OHCD records reviewed by Environment Hawai‘i suggest that at no time prior to the office signing off on the affordable housing agreement, in December 2016, was any calculation made as to whether the area, burdened by utility easements and drainageways, would be able to accommodate the number of units needed to add up to 80 credits.

And, in fact, the current owner of the 11.7-acre parcel has acknowledged that if he is to build the hardware store, then he will be able to build at most 32 affordable units.

At the time the housing agreement was signed, Bureau of Conveyance records indicated that there was still at least one outstanding encumbrance on the land: a mortgage for $1.5 million. This fact alone should have caused someone at Housing to put the brakes on the transaction.

Yet no one checked.

In that same undated confessional memo, among the “challenging issues” associated with the Waikoloa affordable housing deal was the fact that it was “later discovered that the parcel had [redacted] encumbered against the bulk parcel.”

(Joel La Pinta, who was the Hilo-based manager for Waikoloa Highlands, has said that in fact, the mortgage that was still on record as a lien against the property had actually been paid off, but no release had been filed owing to an oversight. Environment Hawai‘i has been unable to verify this independently.)

The deputy corporation counsel assigned to the Office of Housing at the time was Amy Self. She was supposed to make sure that the affordable housing agreement as well as the release from the affordable housing requirement, executed by the OHCD in July 2017, was legal as to form and legality.

We understand that the Corporation Counsel’s office is stretched thin, as are most other county offices and departments. Nevertheless, it is vital that the county corporation counsel’s office – the county’s (and the public’s) last defense against entering into improper or even illegal contracts and agreements – exercise its responsibility with seriousness and care.

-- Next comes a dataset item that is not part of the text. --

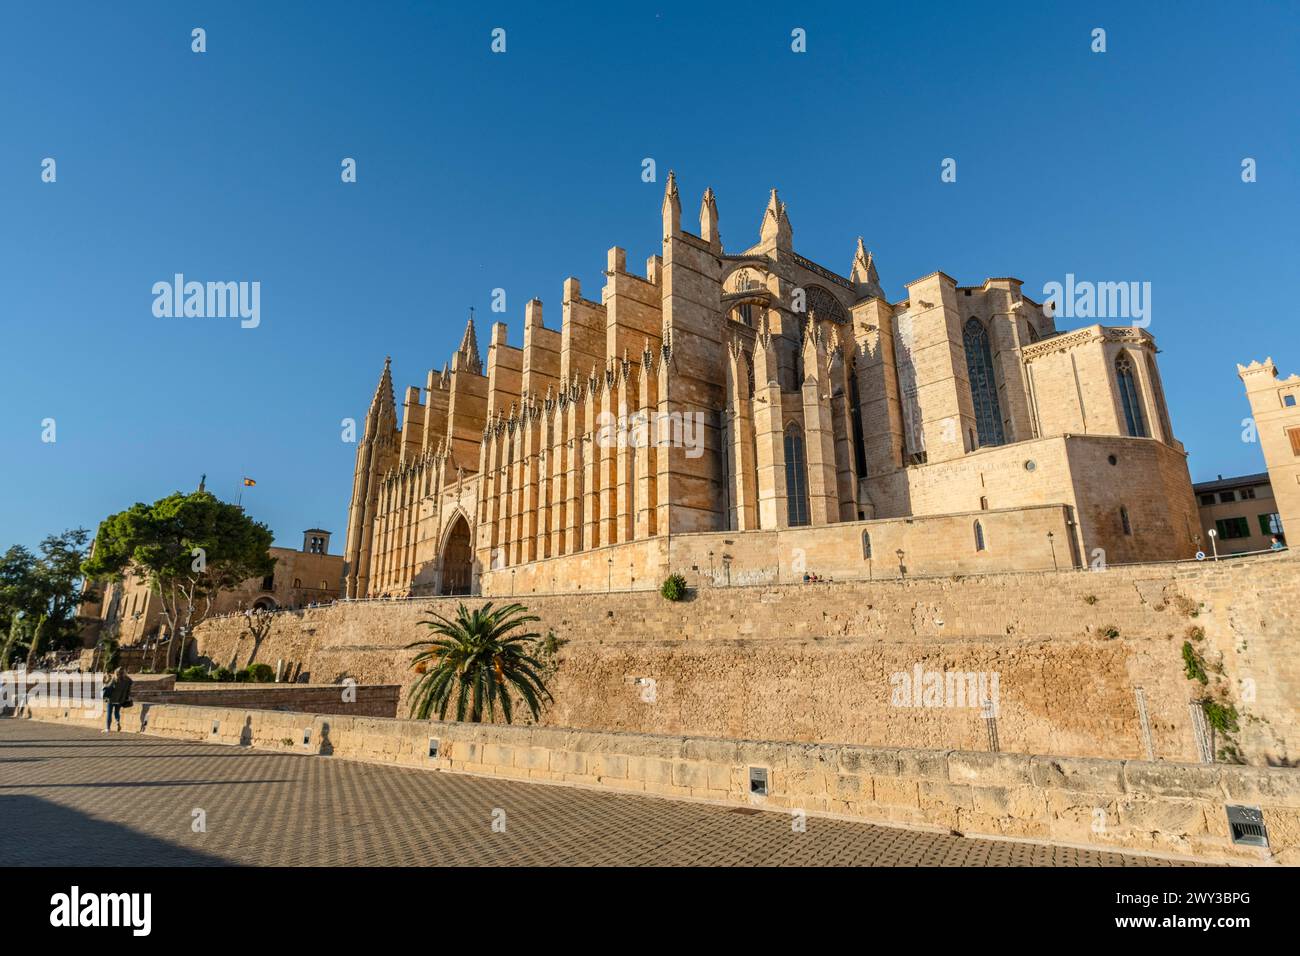 Beautiful view of cathedral in Palma de Mallorca, Spain Stock Photo

That did not happen in this case. On November 9, Mayor Harry Kim signed a letter renouncing the affordable housing agreement and subsequent release. On its face, the agreement contradicted the county charter, which deputy corporation counsel Ron Kim argues absolves the county from any liability.

Yet it would hardly be surprising if the county eventually does face legal jeopardy from Waikoloa Highlands. After all, to have it in writing that you’ve satisfied every legal requirement for affordable housing  – and then, more than a year later, be told no, you haven’t – would seem to open the door to litigation.

In sum, it should distress every resident of Hawai‘i County that an office entrusted with developing housing for those most in need of it should have acted with such lack of care and caution in its negotiations to satisfy Waikoloa Highlands’ affordable housing requirements.

One of the parties that played a key part in these negotiations has already left the Housing Office. But there remain questions as to how the rest of the staff, from the administrator on down, could have allowed the mistakes to multiply as they did.

What’s more, the Waikoloa case raises the question of how many other times the Office of Housing failed to live up to its legal and moral requirements in settling with other developers.

As a result of the Land Use Commission’s action in November, the Waikoloa Highlands project must now go back to the drawing board and the affordable housing requirements imposed by county zoning can be reconfigured should the owner seek to have the County Council pass a new rezoning ordinance.

In the meantime, the council might wish to take a close look at the circumstances that led to this debacle in the first place. We would strongly urge it to do so.